Our tutorials reference a dataset called "sample" in many examples. If you'd like to download the sample dataset to work through the examples, choose one of the files below:
In order for your data analysis to be accurate, it is imperative that you correctly identify the type and formatting of each variable. SPSS has special restrictions in place so that statistical analyses can't be performed on inappropriate types of data: for example, you won't be able to use a continuous variable as a "grouping" variable when performing a t-test.
Information for the type of each variable is displayed in the Variable View tab. Under the “Type” column, simply click the cell associated with the variable of interest. A blue “…” button will appear.
Click this and the Variable Type window will appear. You can use this dialog box to define the type for the selected variable, and any associated information (e.g., width, decimal places).
The two common types of variables that you are likely to see are numeric and string.
Numeric variables, as you might expect, have data values that are recognized as numbers. This means that they can be sorted numerically or entered into arithmetic calculations. When viewed in the Data View window, system-missing values for numeric variables will appear as a dot (i.e., “.”). (Note that one should not type in a period character in a cell to specify a missing value. Simply leave the cell blank, and SPSS will recognize it as system-missing.)

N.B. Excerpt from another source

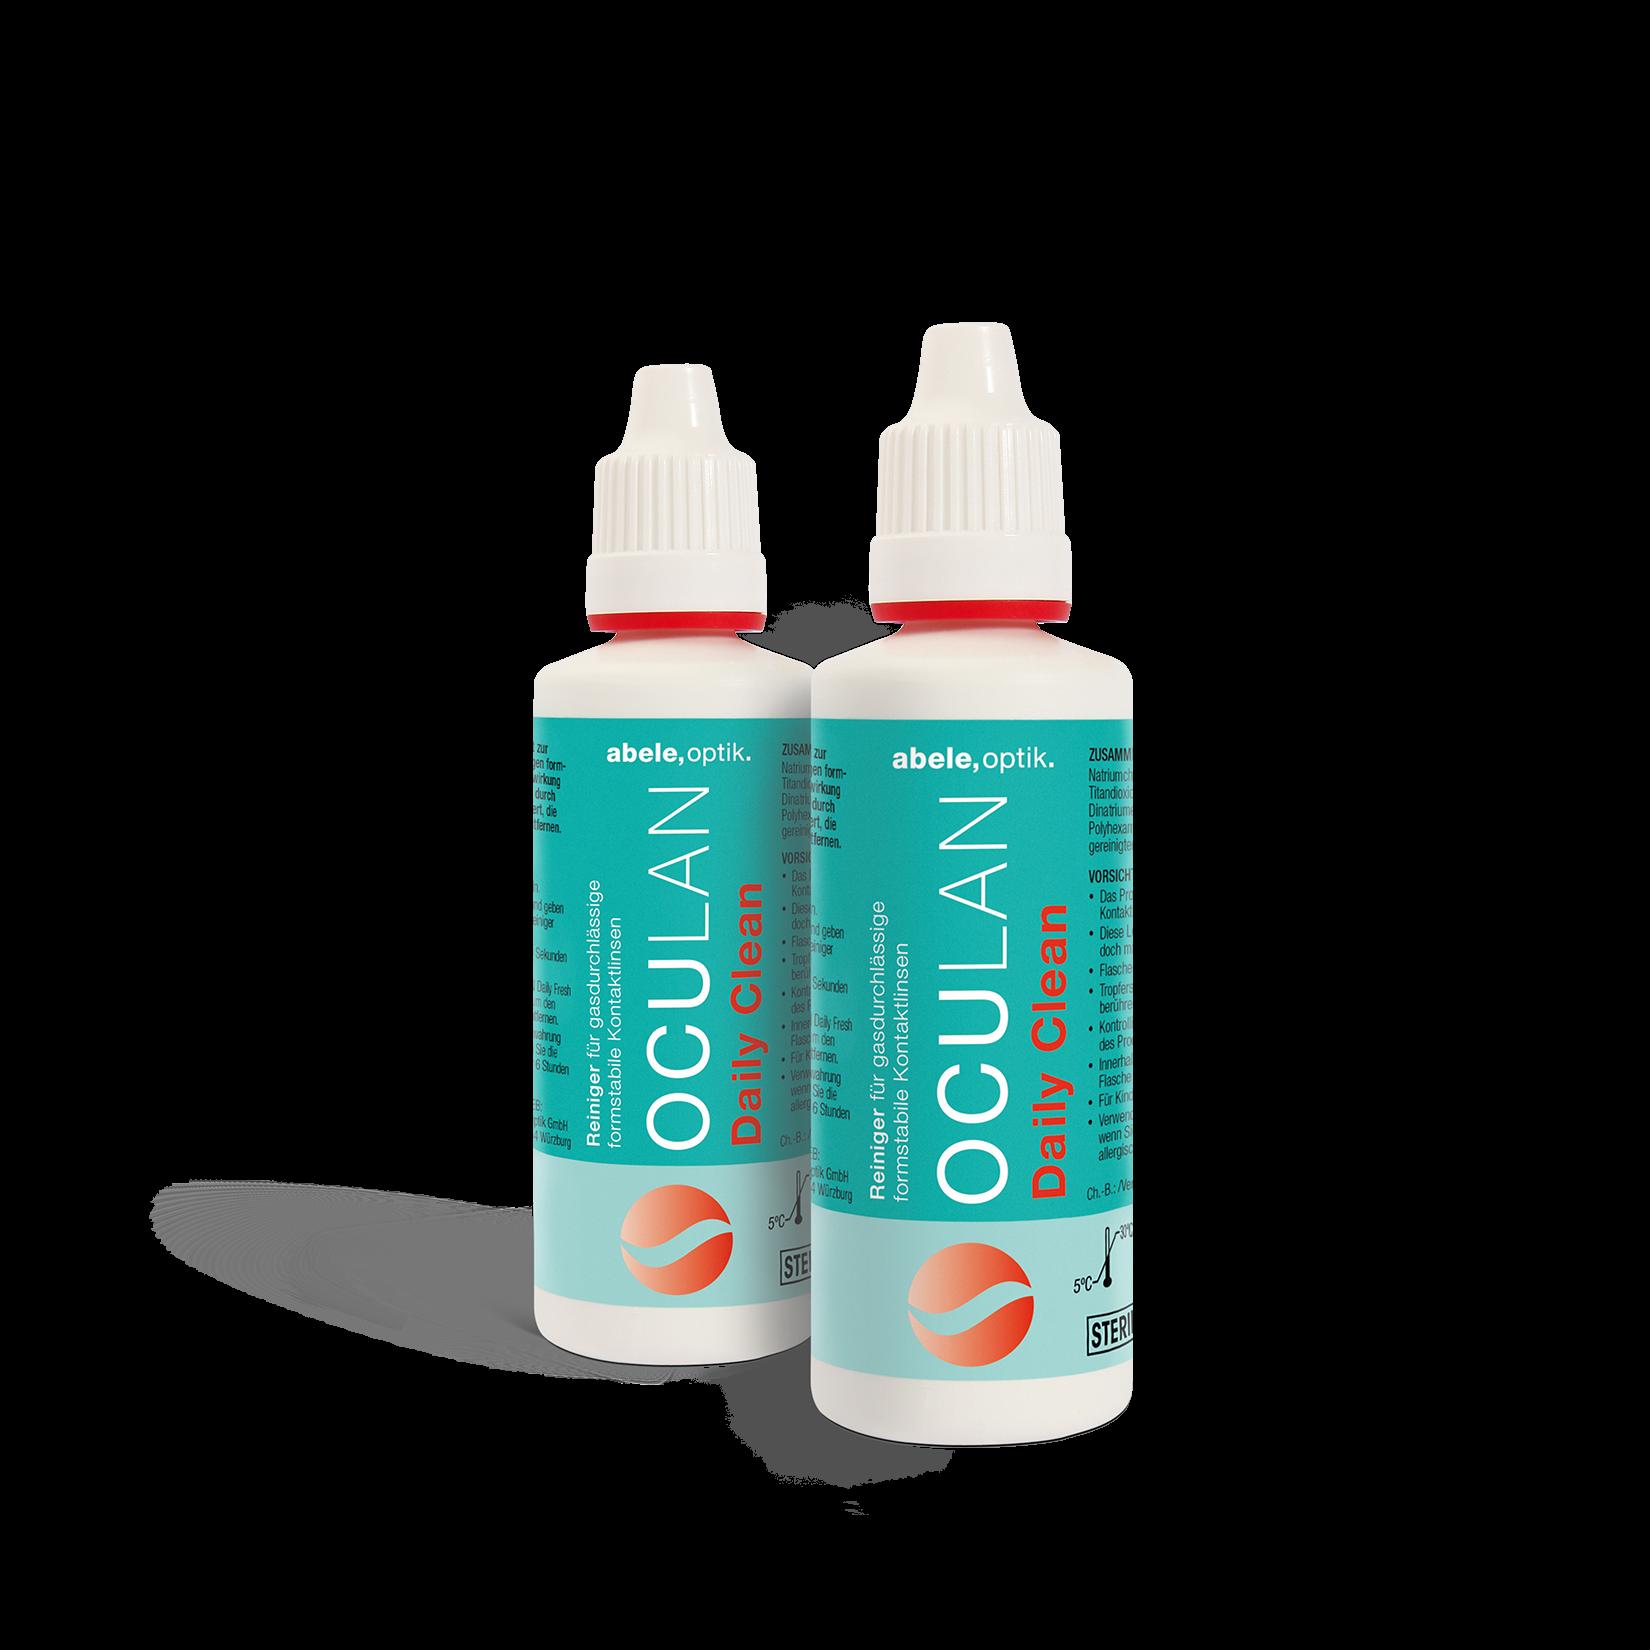 Oculan Daily Clean Sparpack, Abele Optik (2 x 30 ml)

Importantly, numeric variables in SPSS can also be used to denote nominal (unordered) or ordinal categorical variables. In those cases, it almost always inappropriate to treat those variables as numbers, even though SPSS may not stop you from doing so. For example, it's extremely common to record demographic variables like sex using the number codes 1 and 2 instead of the words "male" and "female". Although these would be defined as numeric variables in your SPSS dataset, it would not be appropriate to use them in arithmetic operations, since the number codes are stand-ins for nominal categories (and nominal categories can't be used in arithmetic operations). So if you are examining a new dataset, you should not assume that all numeric variables represent interval or ratio variables.
All of the following are examples of variables that could be entered as numeric variables in an SPSS dataset:
Example: Continuous variables that can take on any number in a range (e.g., height in centimeters and weight in kilograms) should be treated as numeric variables. The researcher can choose as many or as few decimal places as they feel are necessary. In this situation, the Measure setting should be defined as Scale; see the Defining Variables tutorial for more information on how to set measurement levels. This particular type of numeric variable is appropriate to use in arithmetic operations (adding, subtracting, multiplying, dividing).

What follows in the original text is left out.